YOUR GOAL: Output the data word for word, dropping every image.

DATA SECTION:
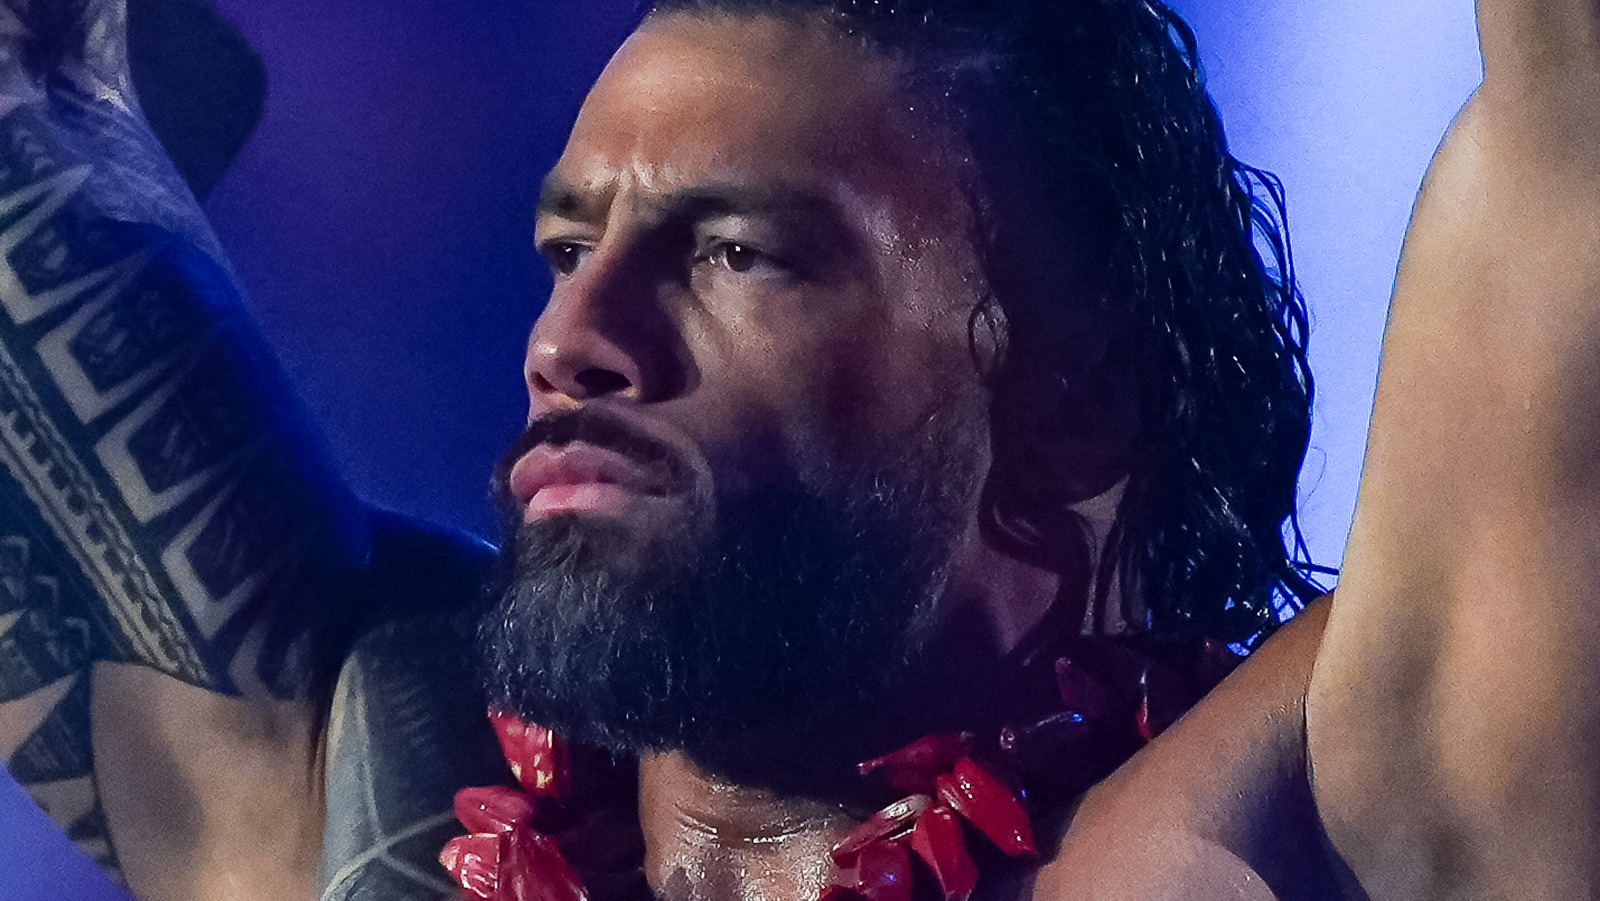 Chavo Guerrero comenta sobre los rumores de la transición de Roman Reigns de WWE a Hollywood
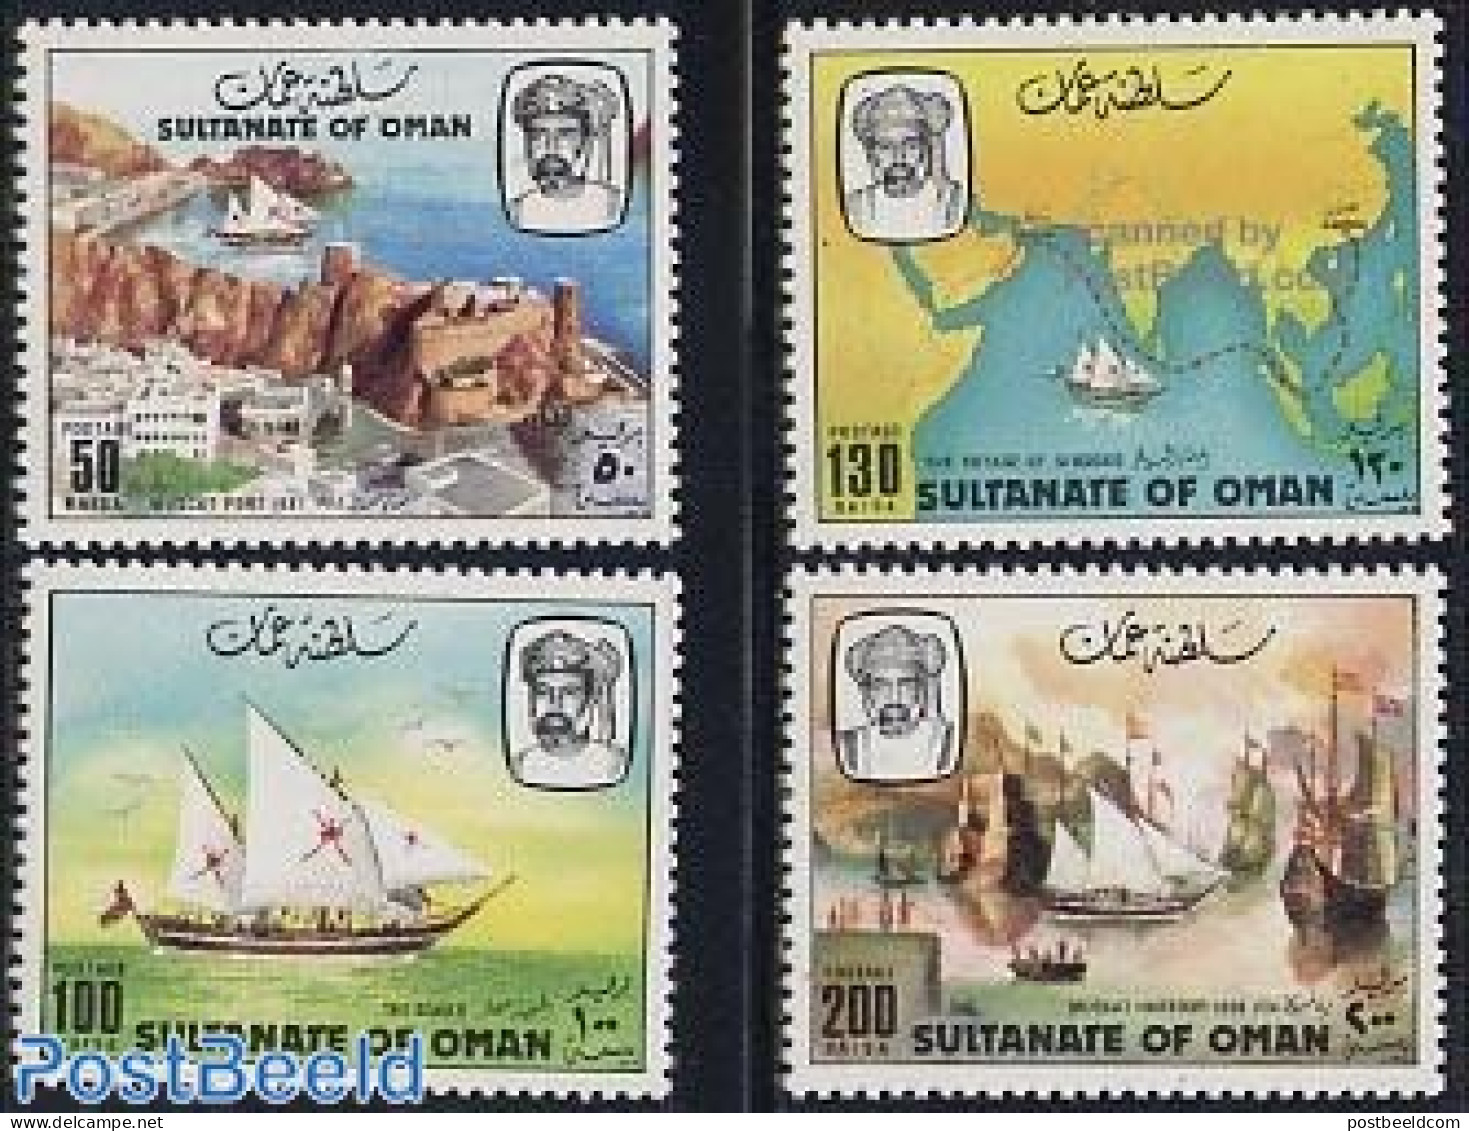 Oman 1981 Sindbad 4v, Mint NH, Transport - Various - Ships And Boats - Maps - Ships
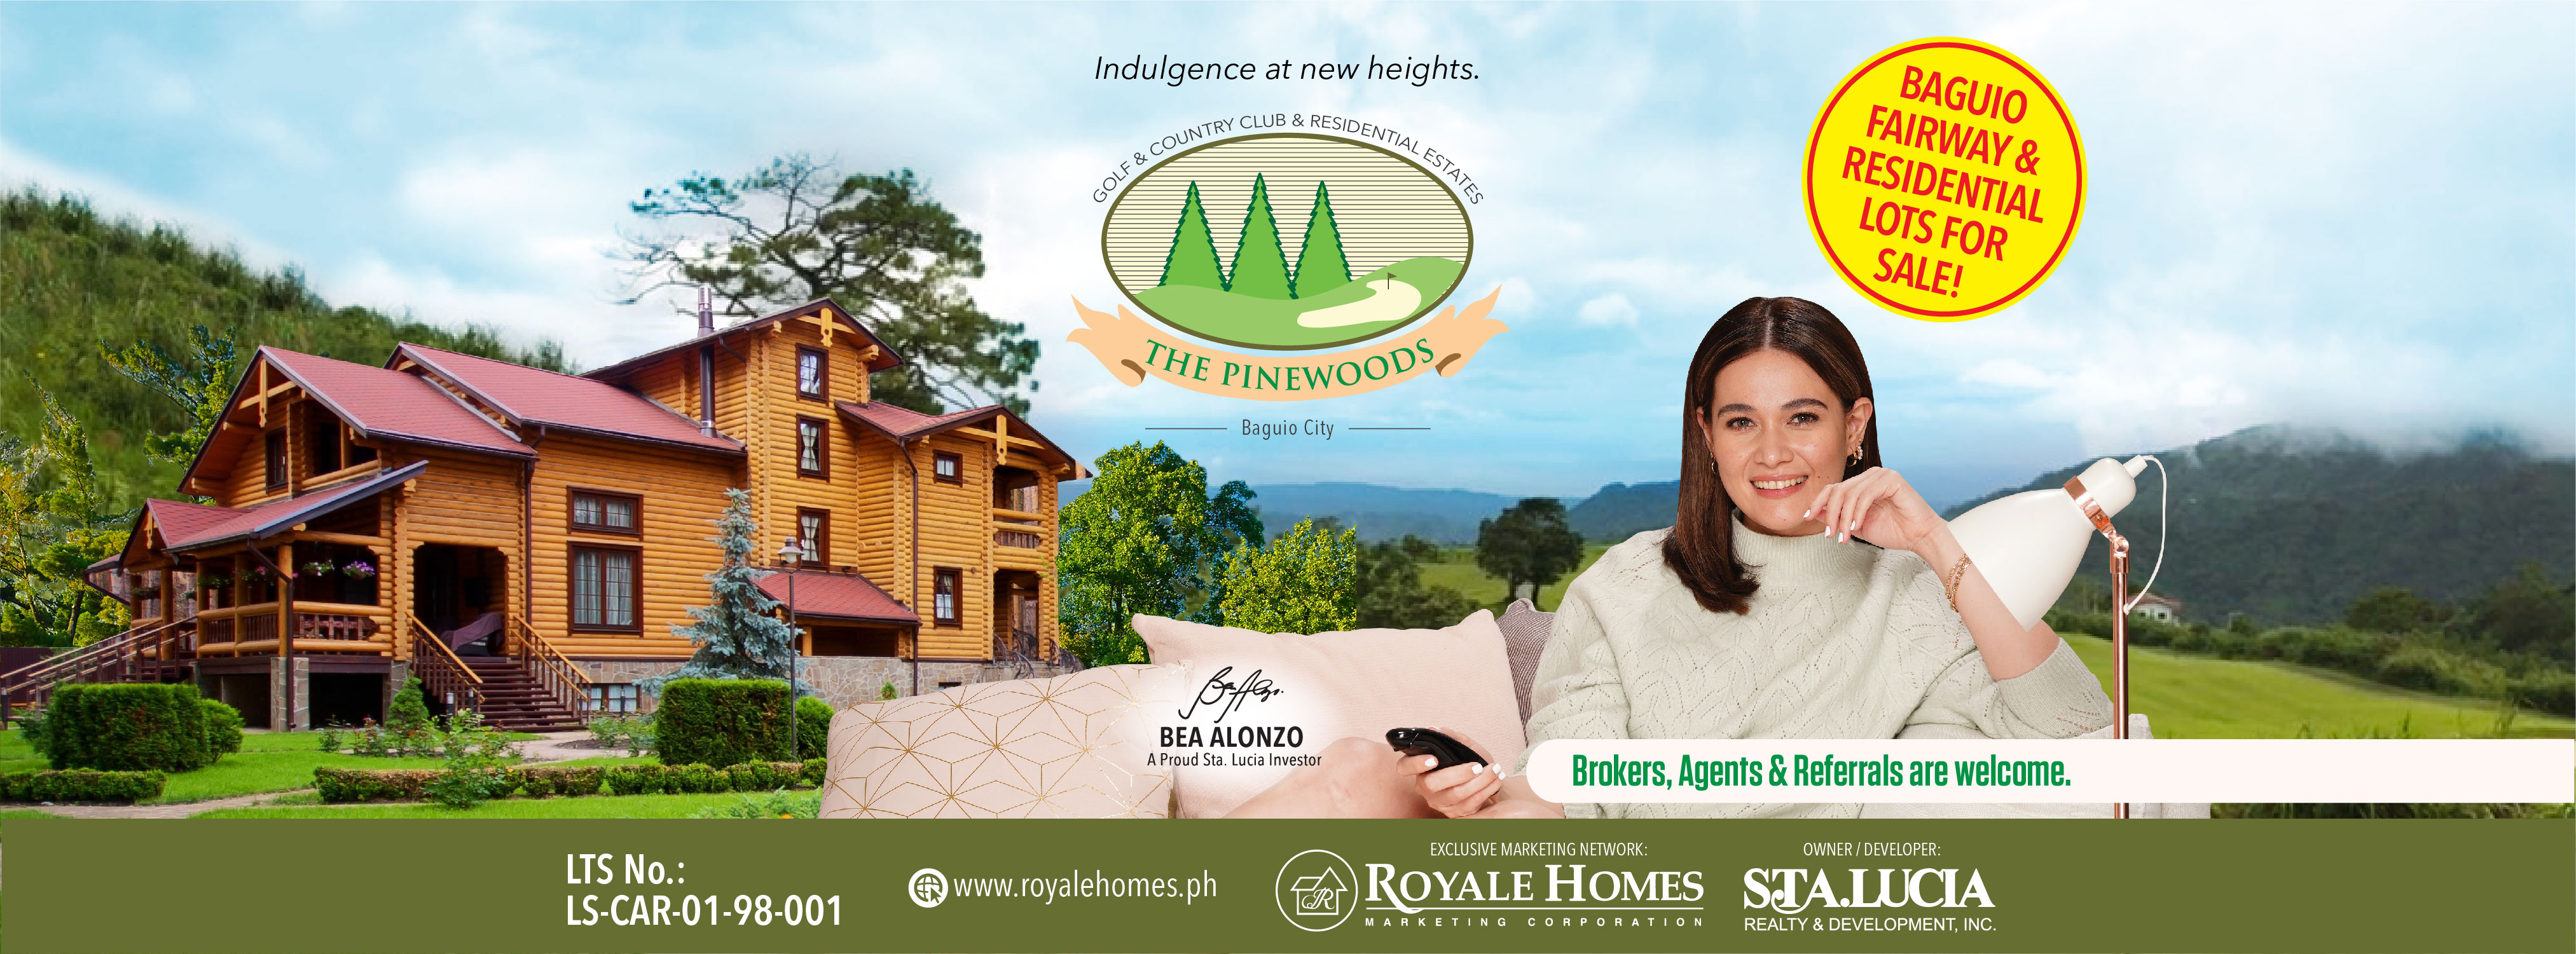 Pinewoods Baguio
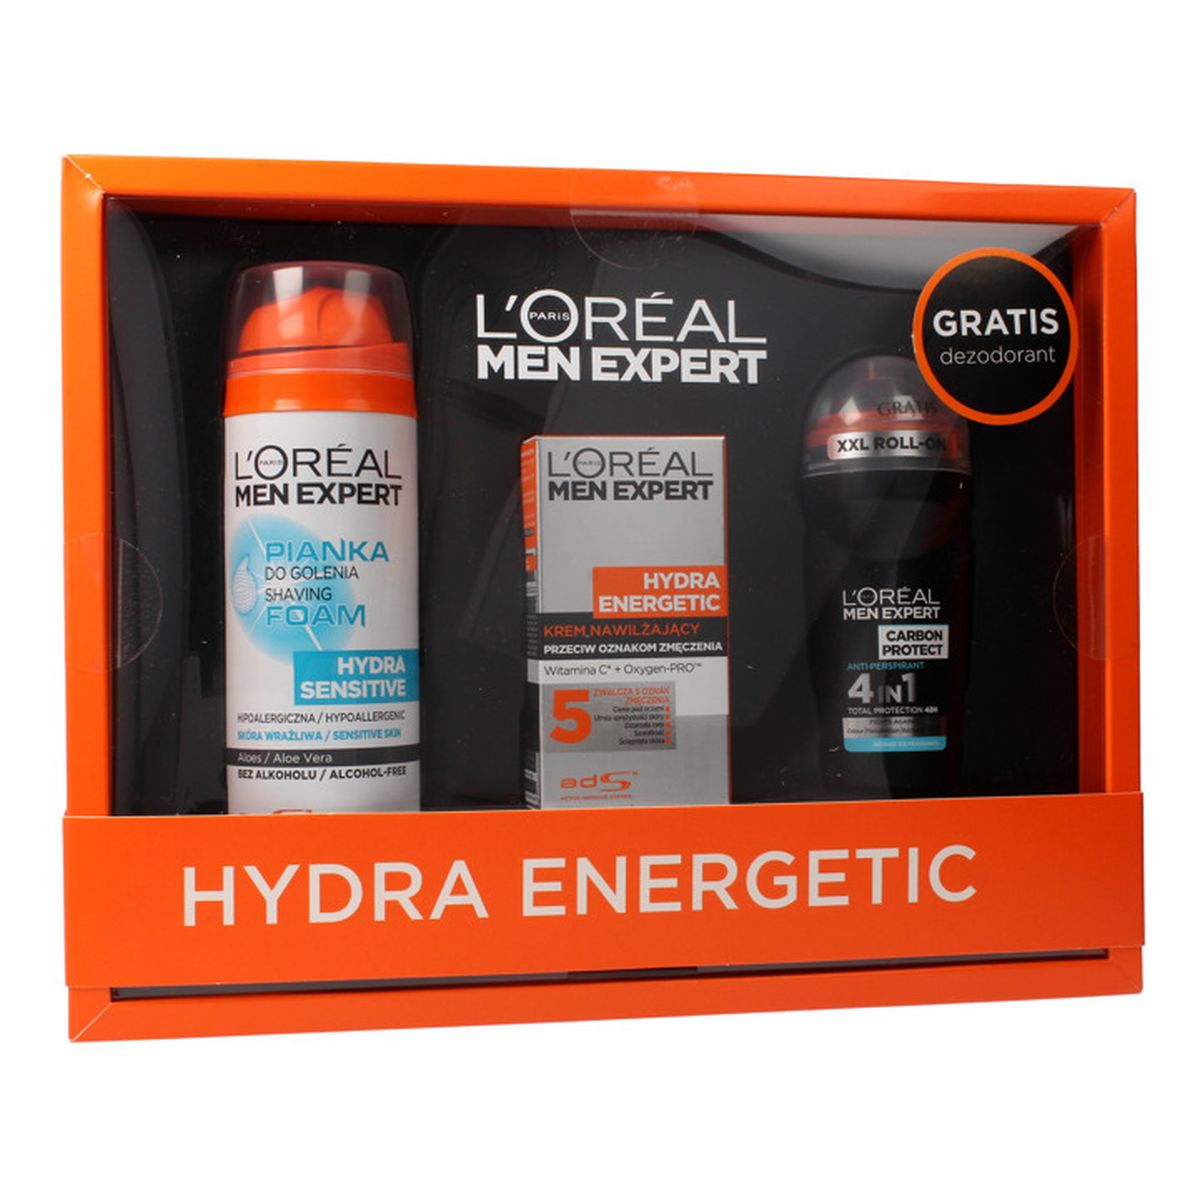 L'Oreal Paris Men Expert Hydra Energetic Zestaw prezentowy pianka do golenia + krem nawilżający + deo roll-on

SOLVED PROBLEM:
 Chavo Guerrero comenta sobre los rumores de la transición de Roman Reigns de WWE a Hollywood
 Oman 1981 Sindbad 4v, Mint NH, Transport - Various - Ships And Boats - Maps - Ships
 Pinewoods Baguio
 L'Oreal Paris Men Expert Hydra Energetic Zestaw prezentowy pianka do golenia + krem nawilżający + deo roll-on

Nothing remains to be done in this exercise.